* _DATASET EXTRACT_:
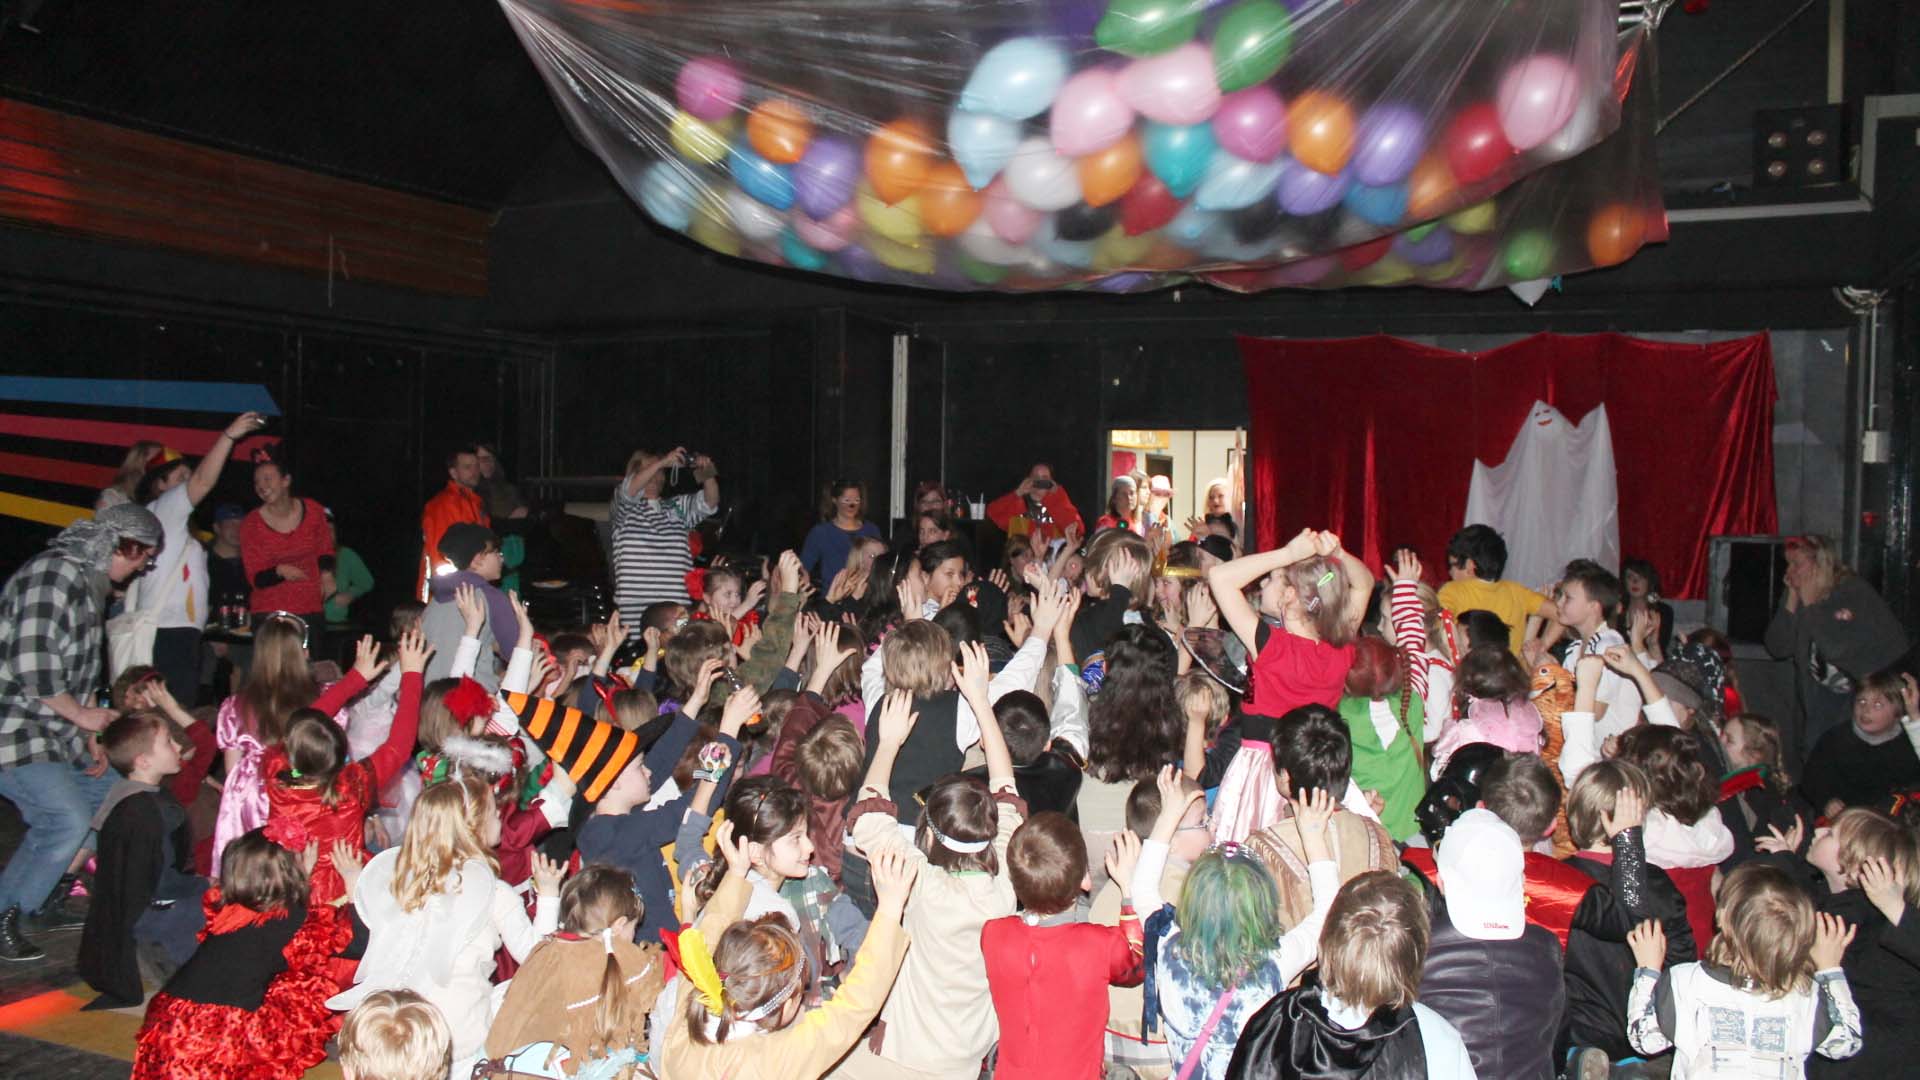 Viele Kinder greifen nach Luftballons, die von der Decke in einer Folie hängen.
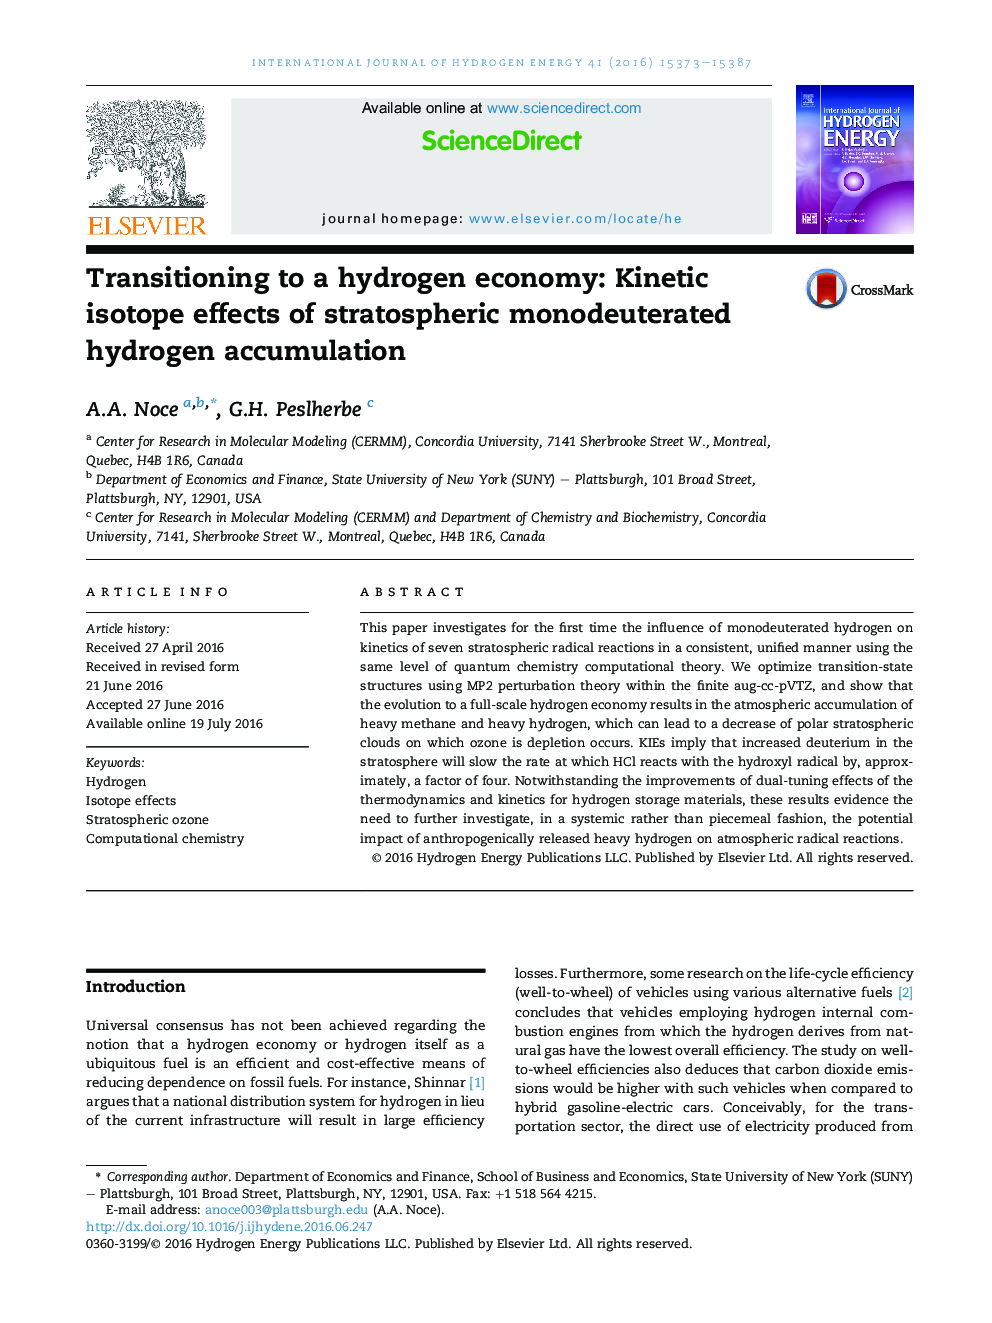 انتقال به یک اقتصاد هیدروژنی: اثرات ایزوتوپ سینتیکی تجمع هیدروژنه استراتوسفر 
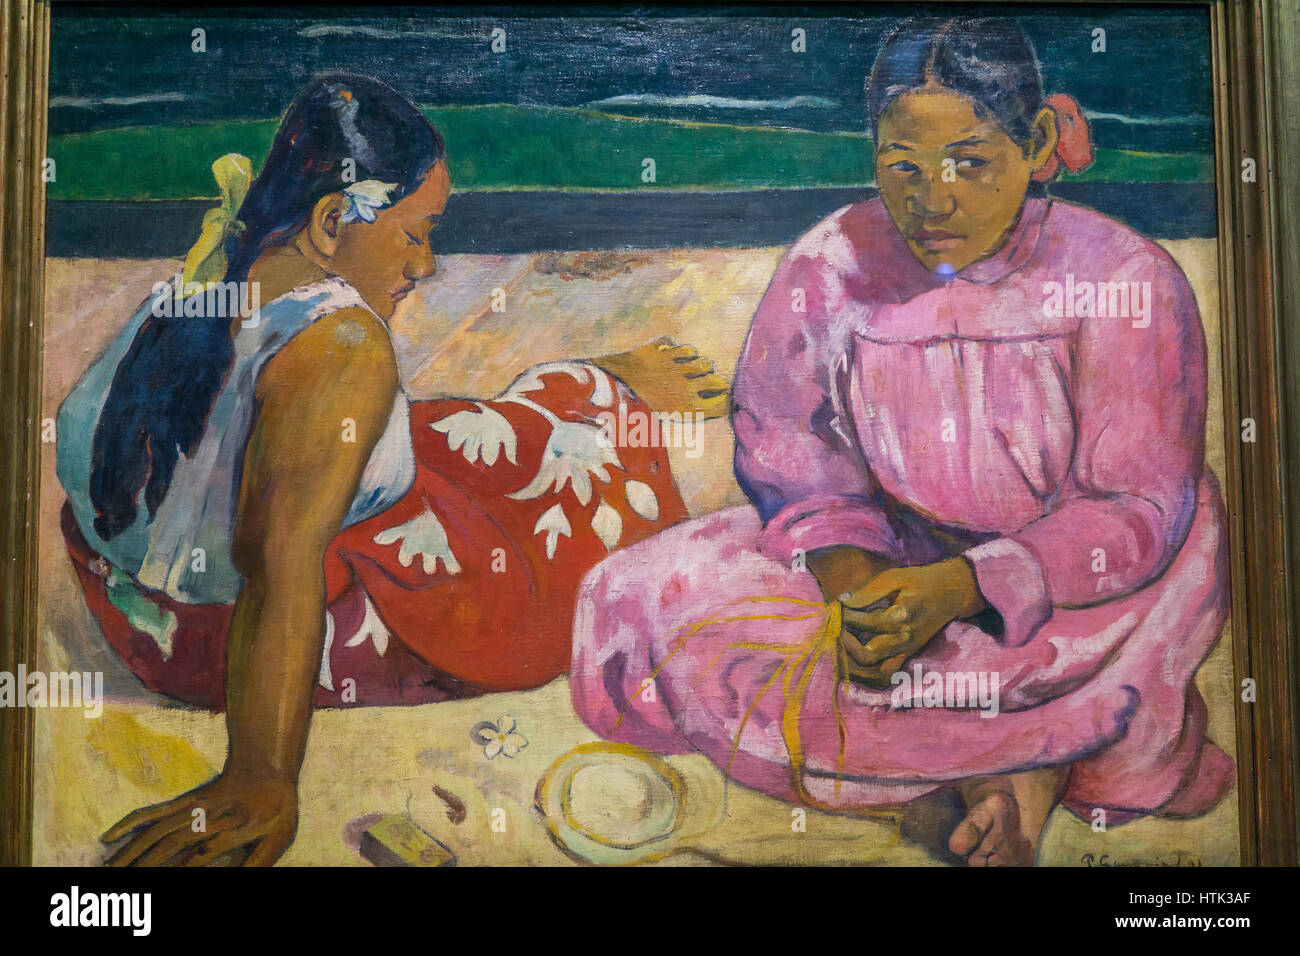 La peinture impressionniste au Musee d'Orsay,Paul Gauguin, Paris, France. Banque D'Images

* _GOAL OF THE EXERCISE_: Please give every line above again word for word, apart from the pictures.

* _SOLUTION FOR THIS TASK_:
 Viele Kinder greifen nach Luftballons, die von der Decke in einer Folie hängen.
 انتقال به یک اقتصاد هیدروژنی: اثرات ایزوتوپ سینتیکی تجمع هیدروژنه استراتوسفر 
 La peinture impressionniste au Musee d'Orsay,Paul Gauguin, Paris, France. Banque D'Images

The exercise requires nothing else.